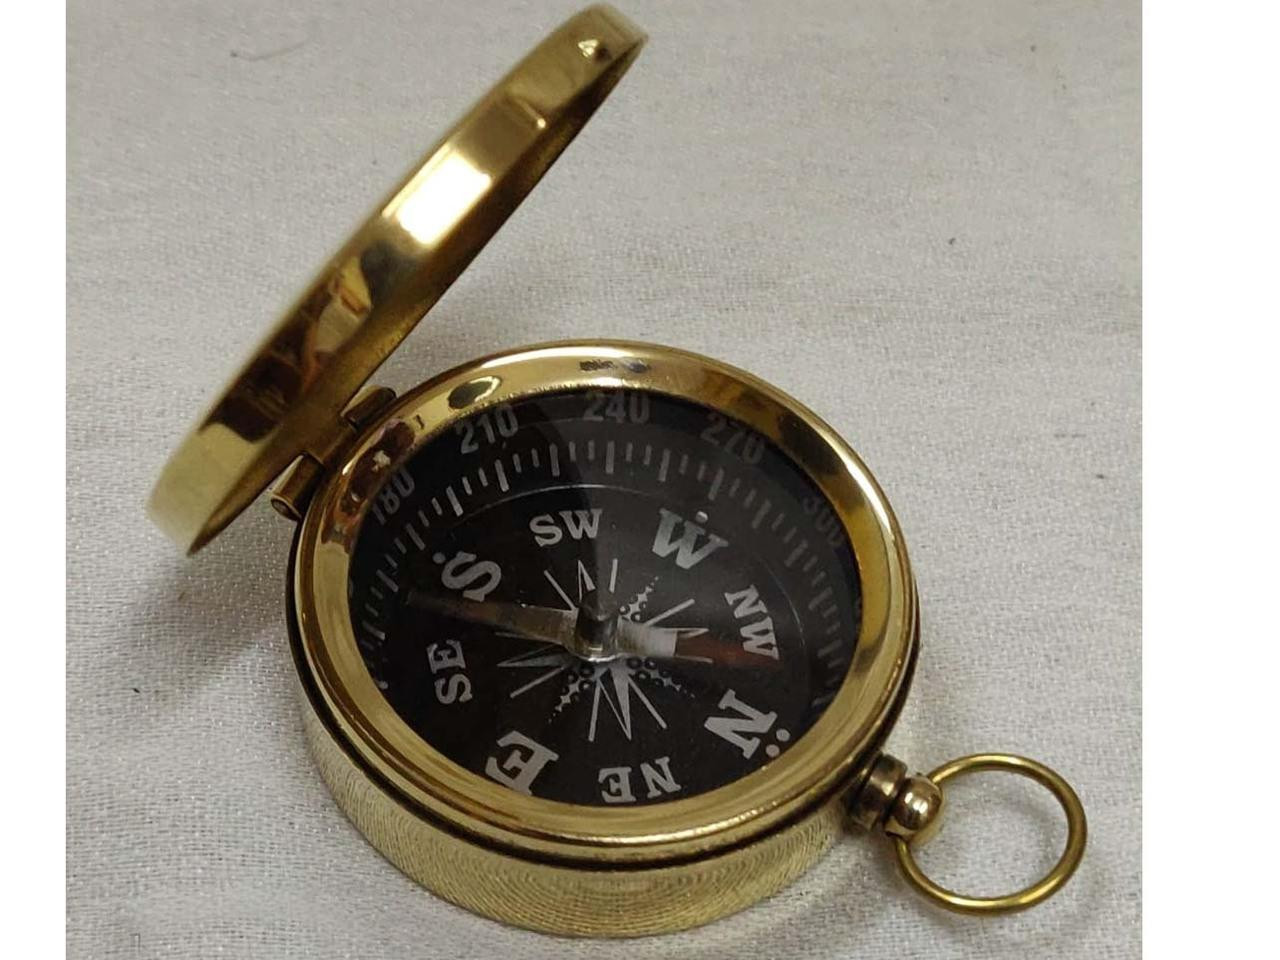 Vintage Retro Camping Brass Compass Pocket Watch Review 
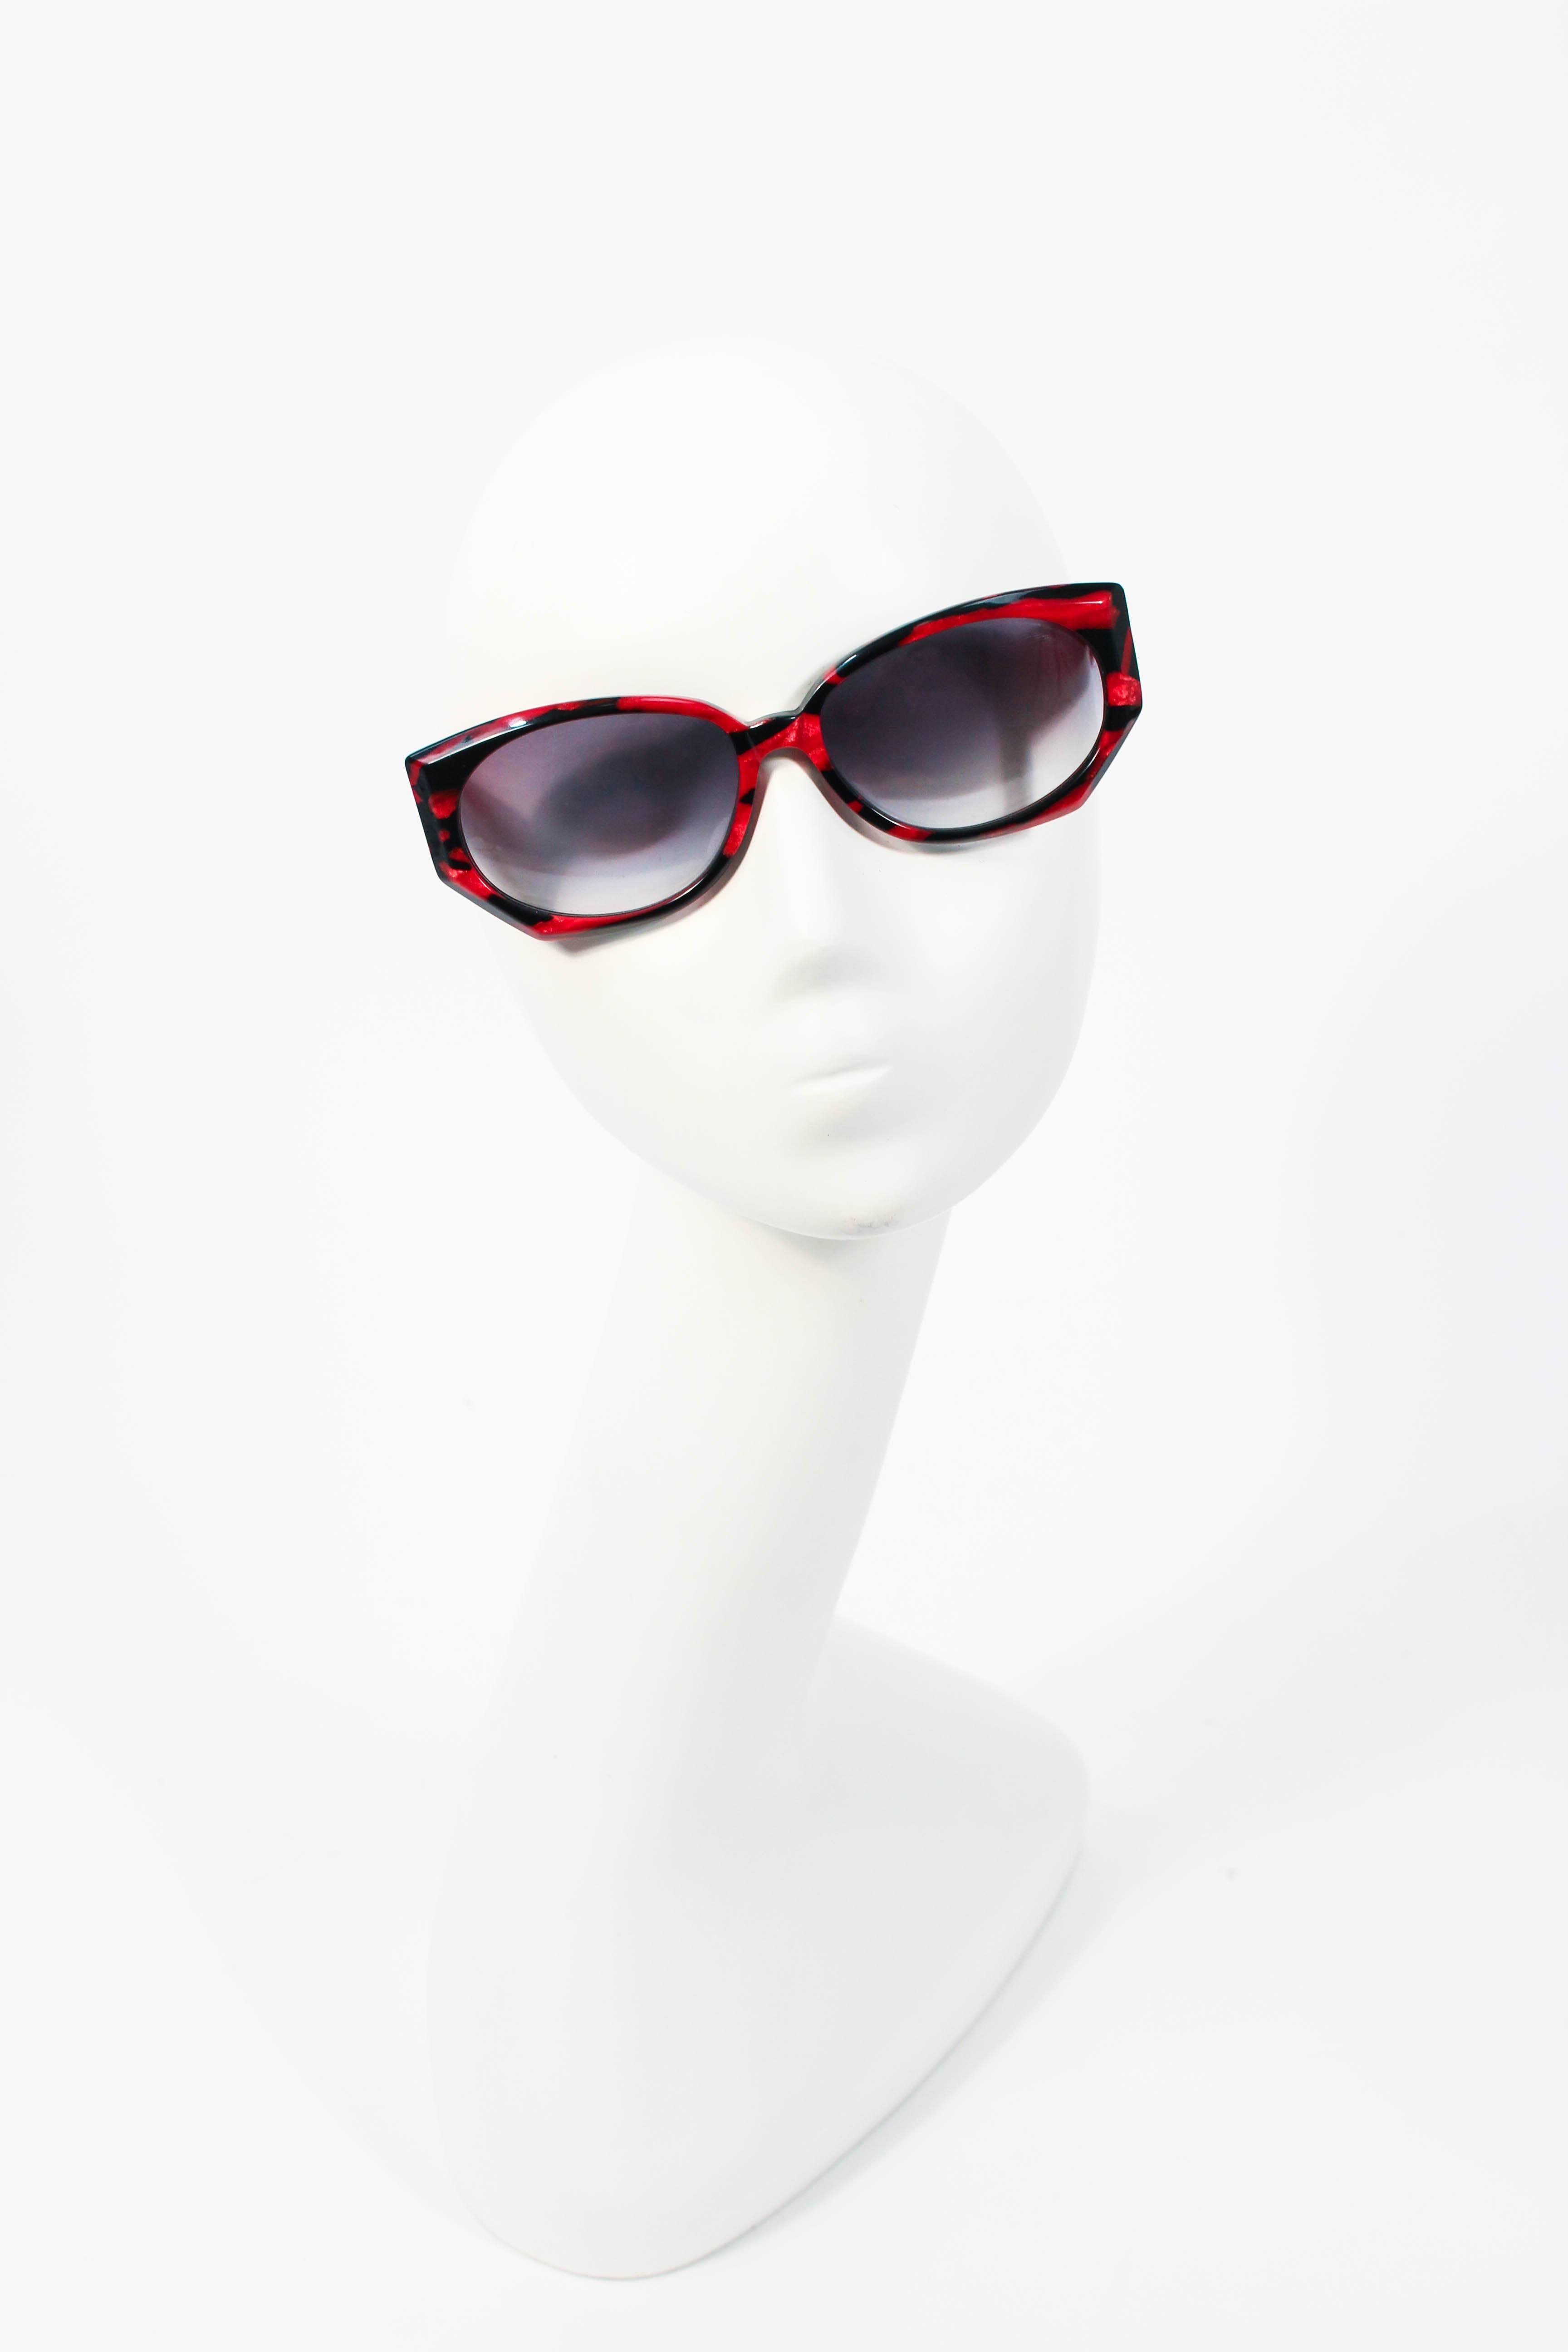 These Krizia sunglasses are composed of a marbled black and red plastic. Features a stunning wide style frame, with a fashionably chic design. In great vintage condition.

**Please cross-reference measurements for personal accuracy. Size in
※ ※ ※
**Exercise:** Skip the images and set down the rest of the data unchanged.

**Answer space:**
 Vintage Retro Camping Brass Compass Pocket Watch Review 
 These Krizia sunglasses are composed of a marbled black and red plastic. Features a stunning wide style frame, with a fashionably chic design. In great vintage condition.

**Please cross-reference measurements for personal accuracy. Size in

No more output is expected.